TASK TO CARRY OUT: Down to the last line, set down the material below exactly; skip the pictures.

===== SOURCE MATERIAL

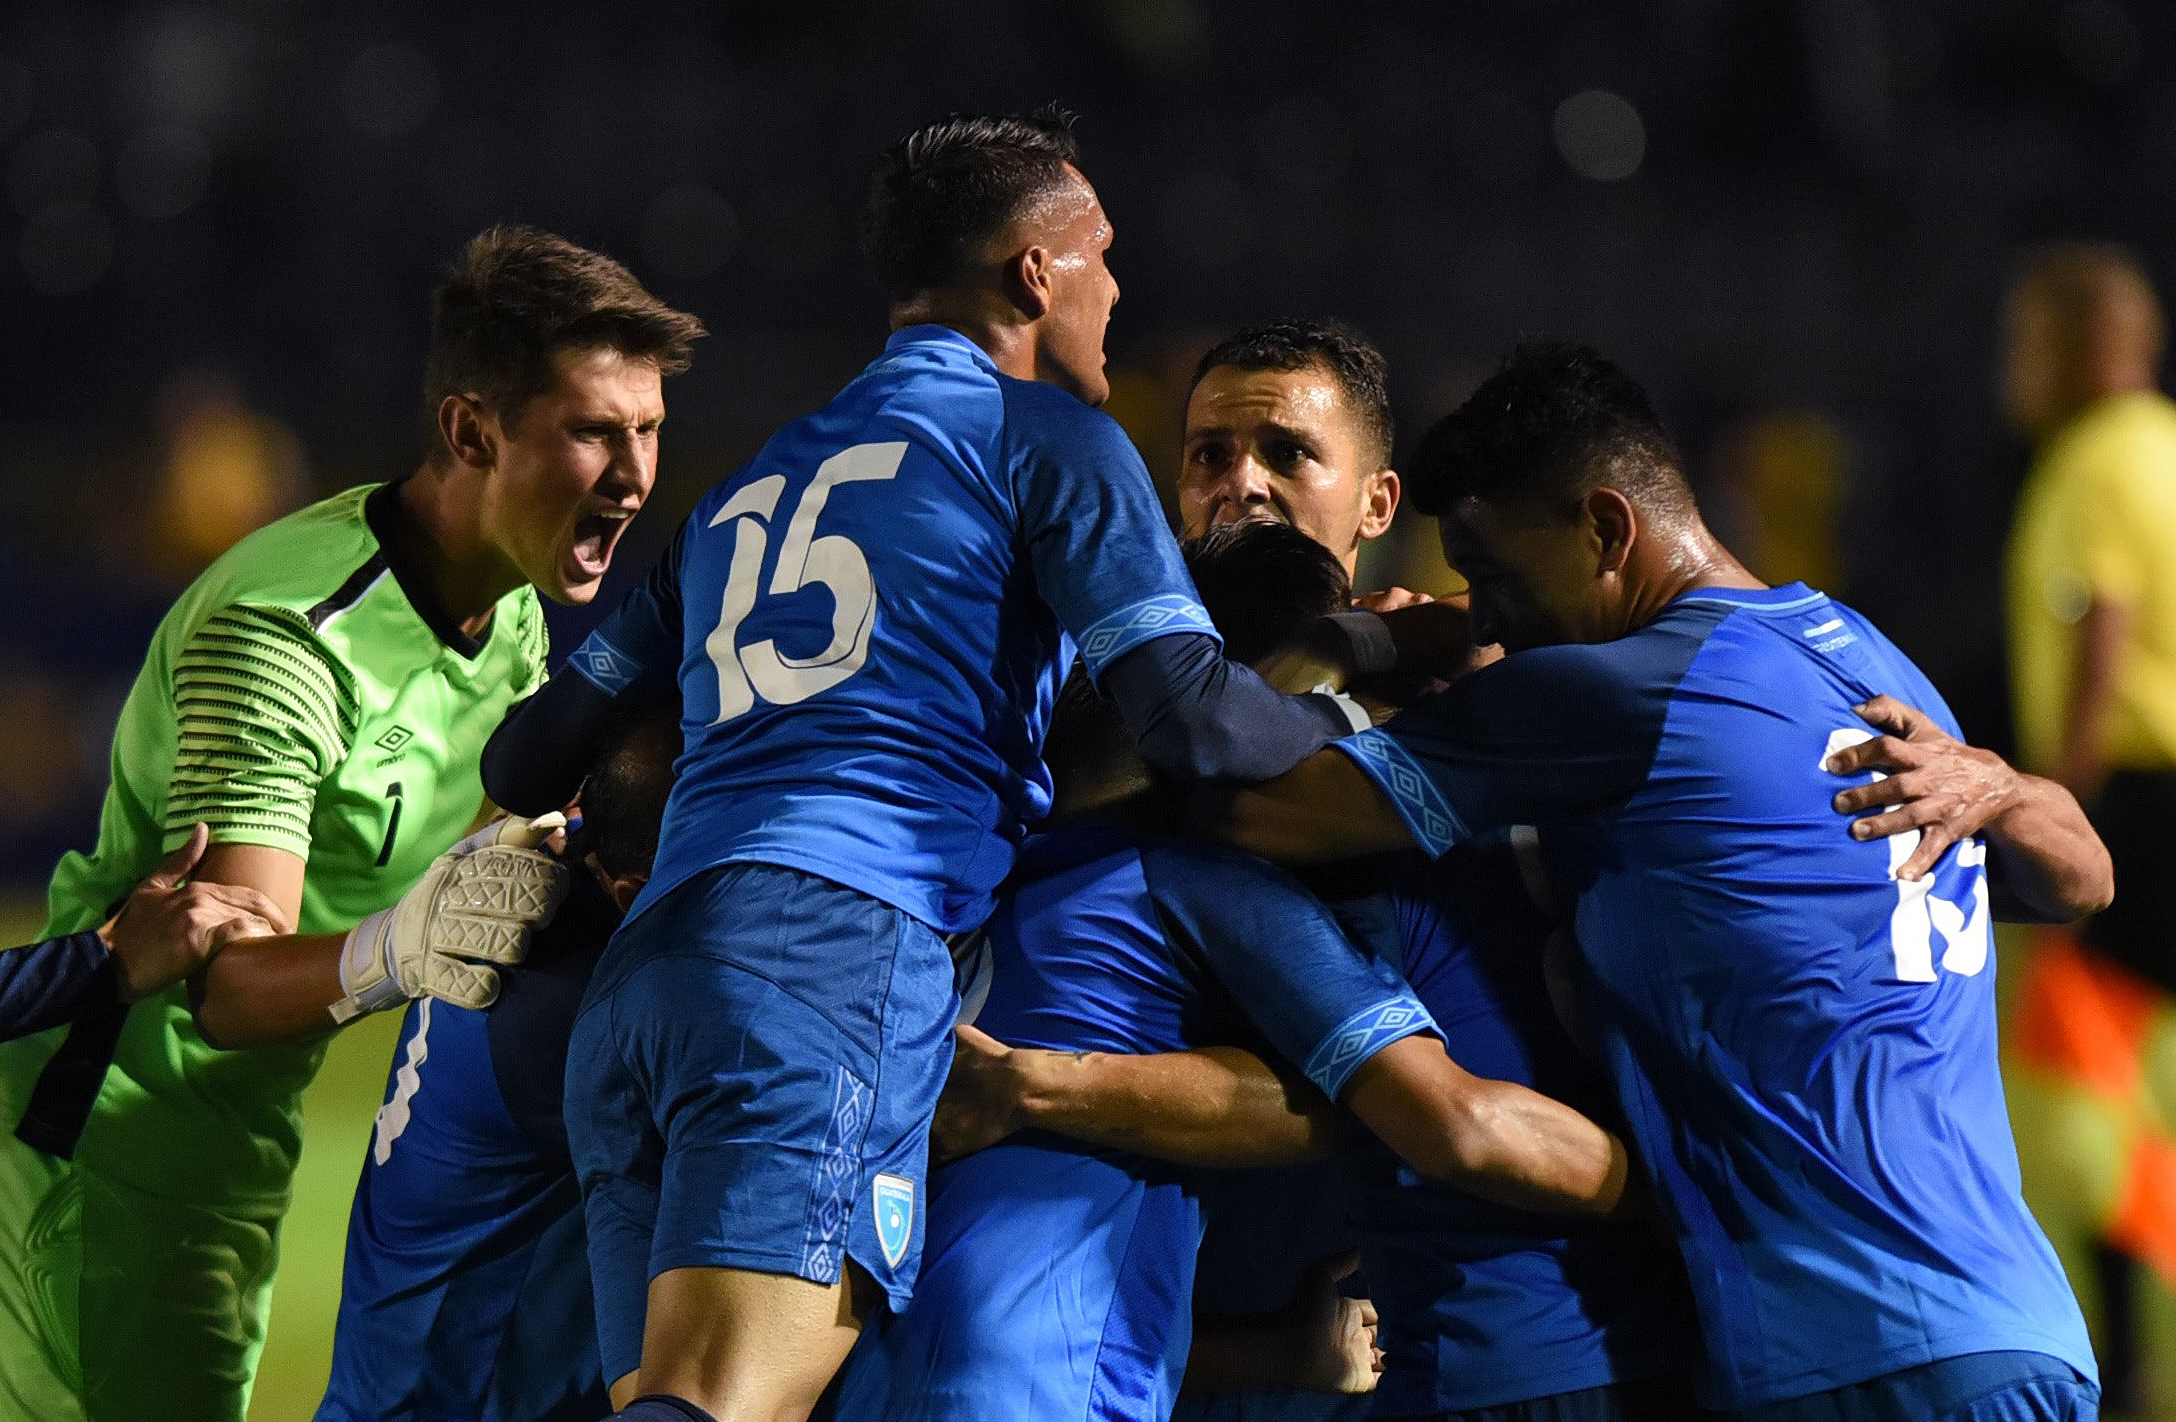 Los seleccionados celebraron al finalizar el partido la victoria en el amistoso contra Costa Rica. (Foto Prensa Libre: AFP)
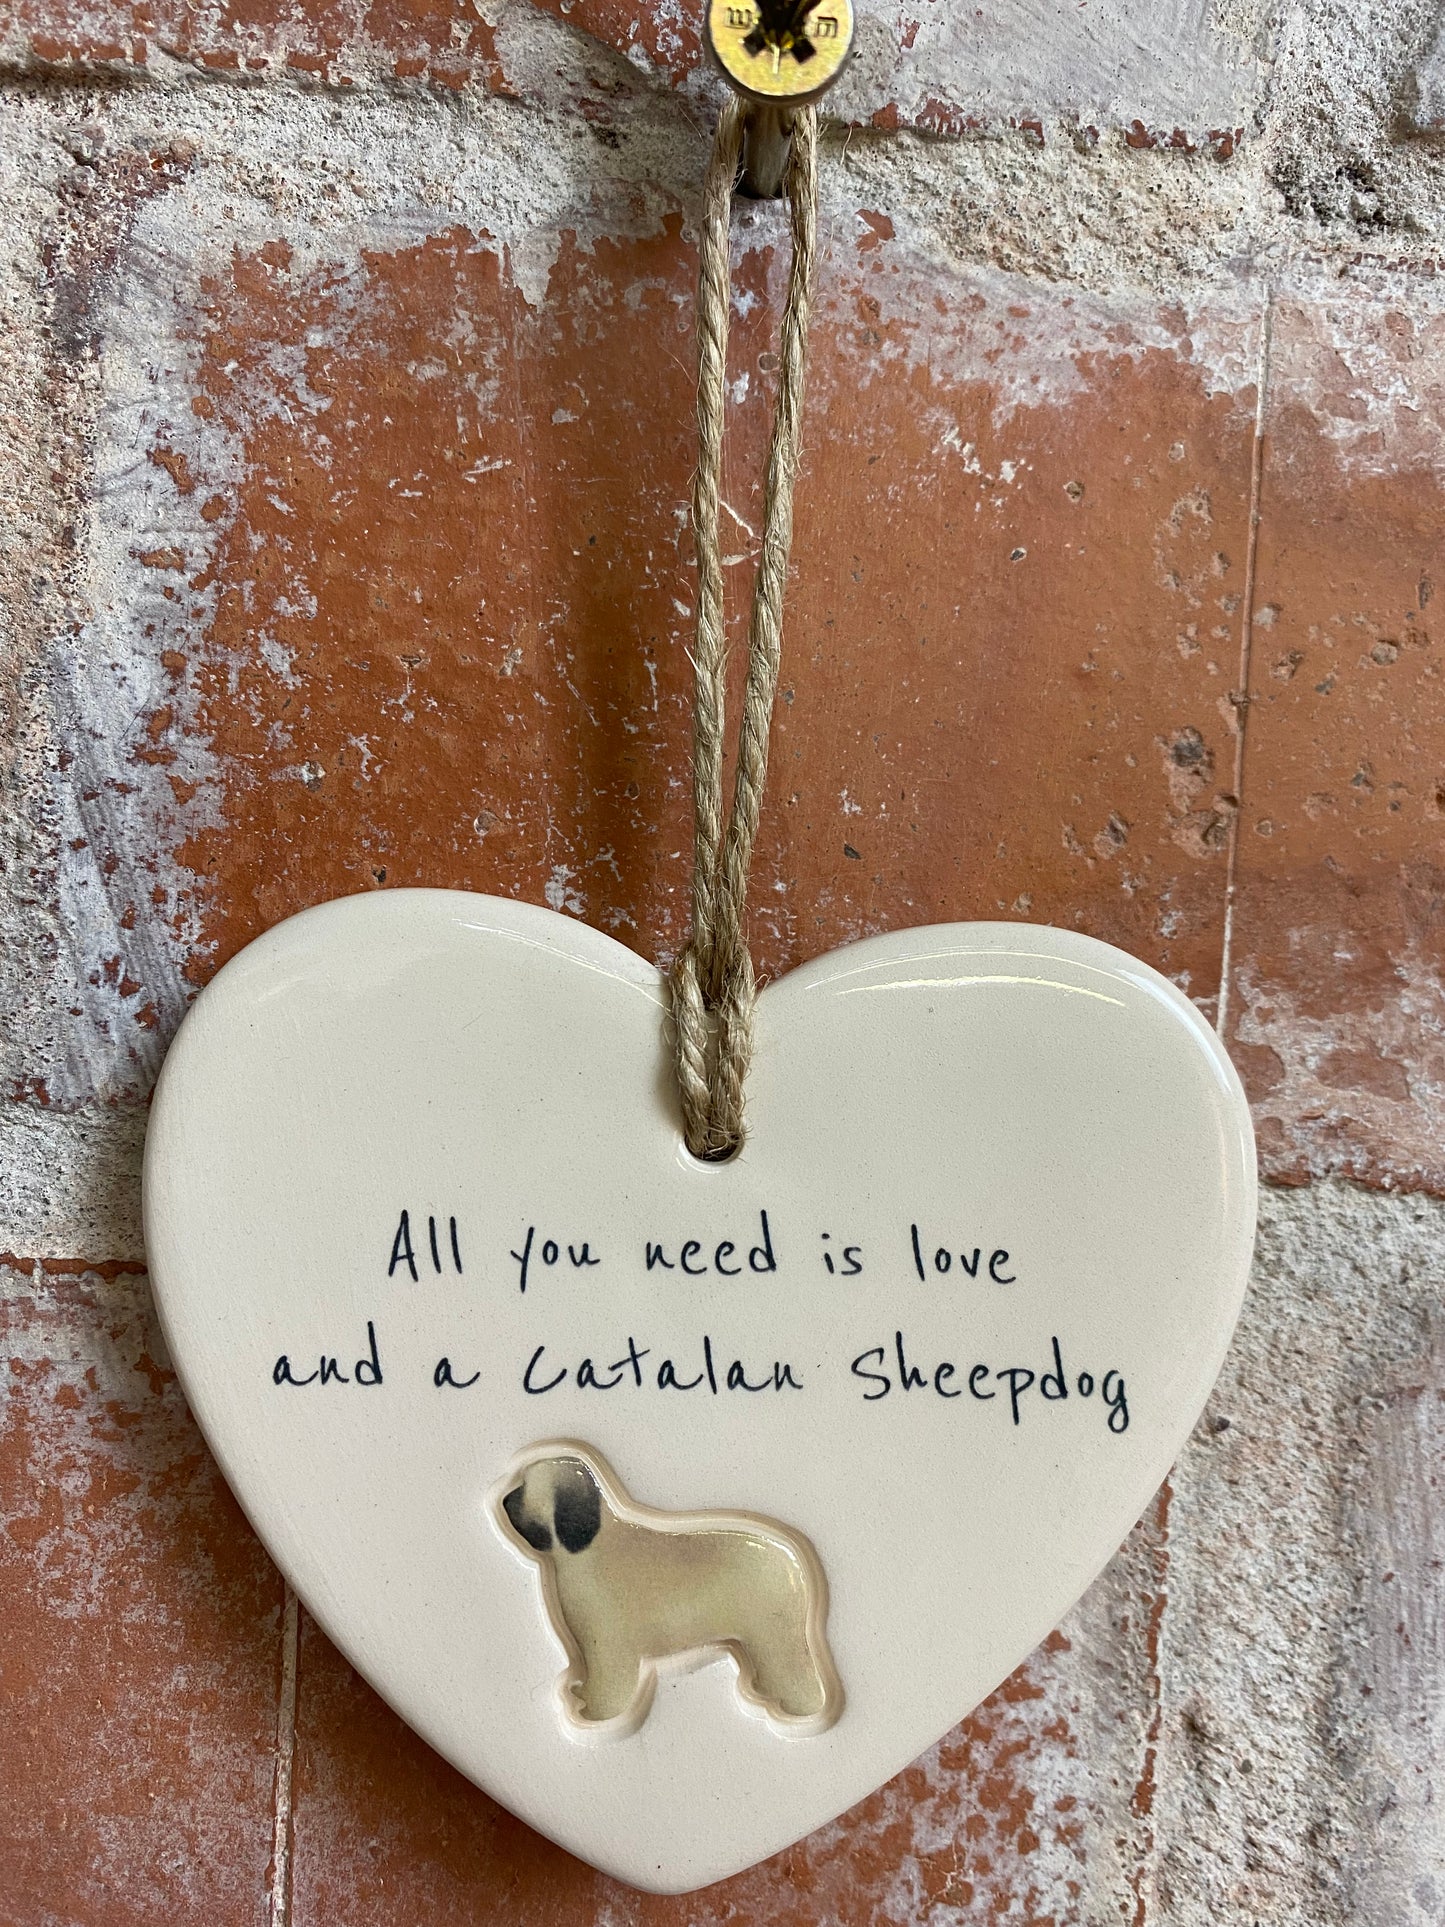 Catalan Sheepdog heart
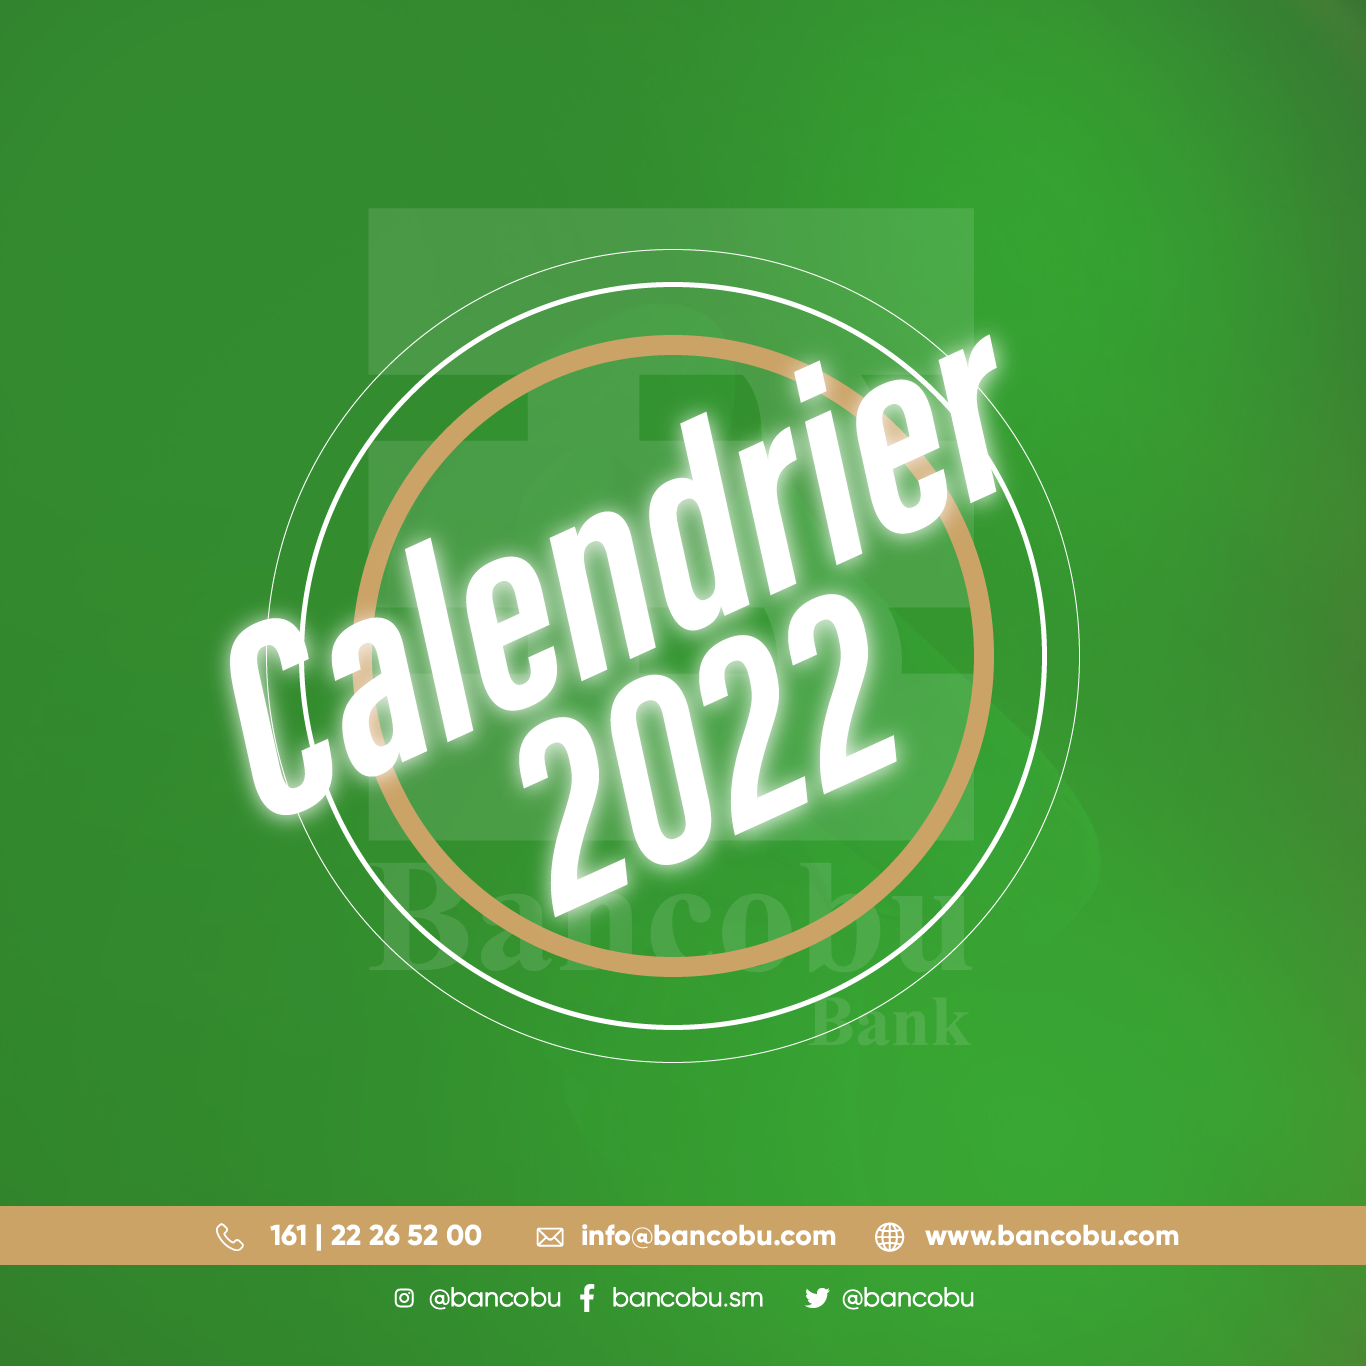 Calendrier de la BANCOBU 2022

==========

REPLY:
 Los seleccionados celebraron al finalizar el partido la victoria en el amistoso contra Costa Rica. (Foto Prensa Libre: AFP)
 Catalan Sheepdog heart
 Calendrier de la BANCOBU 2022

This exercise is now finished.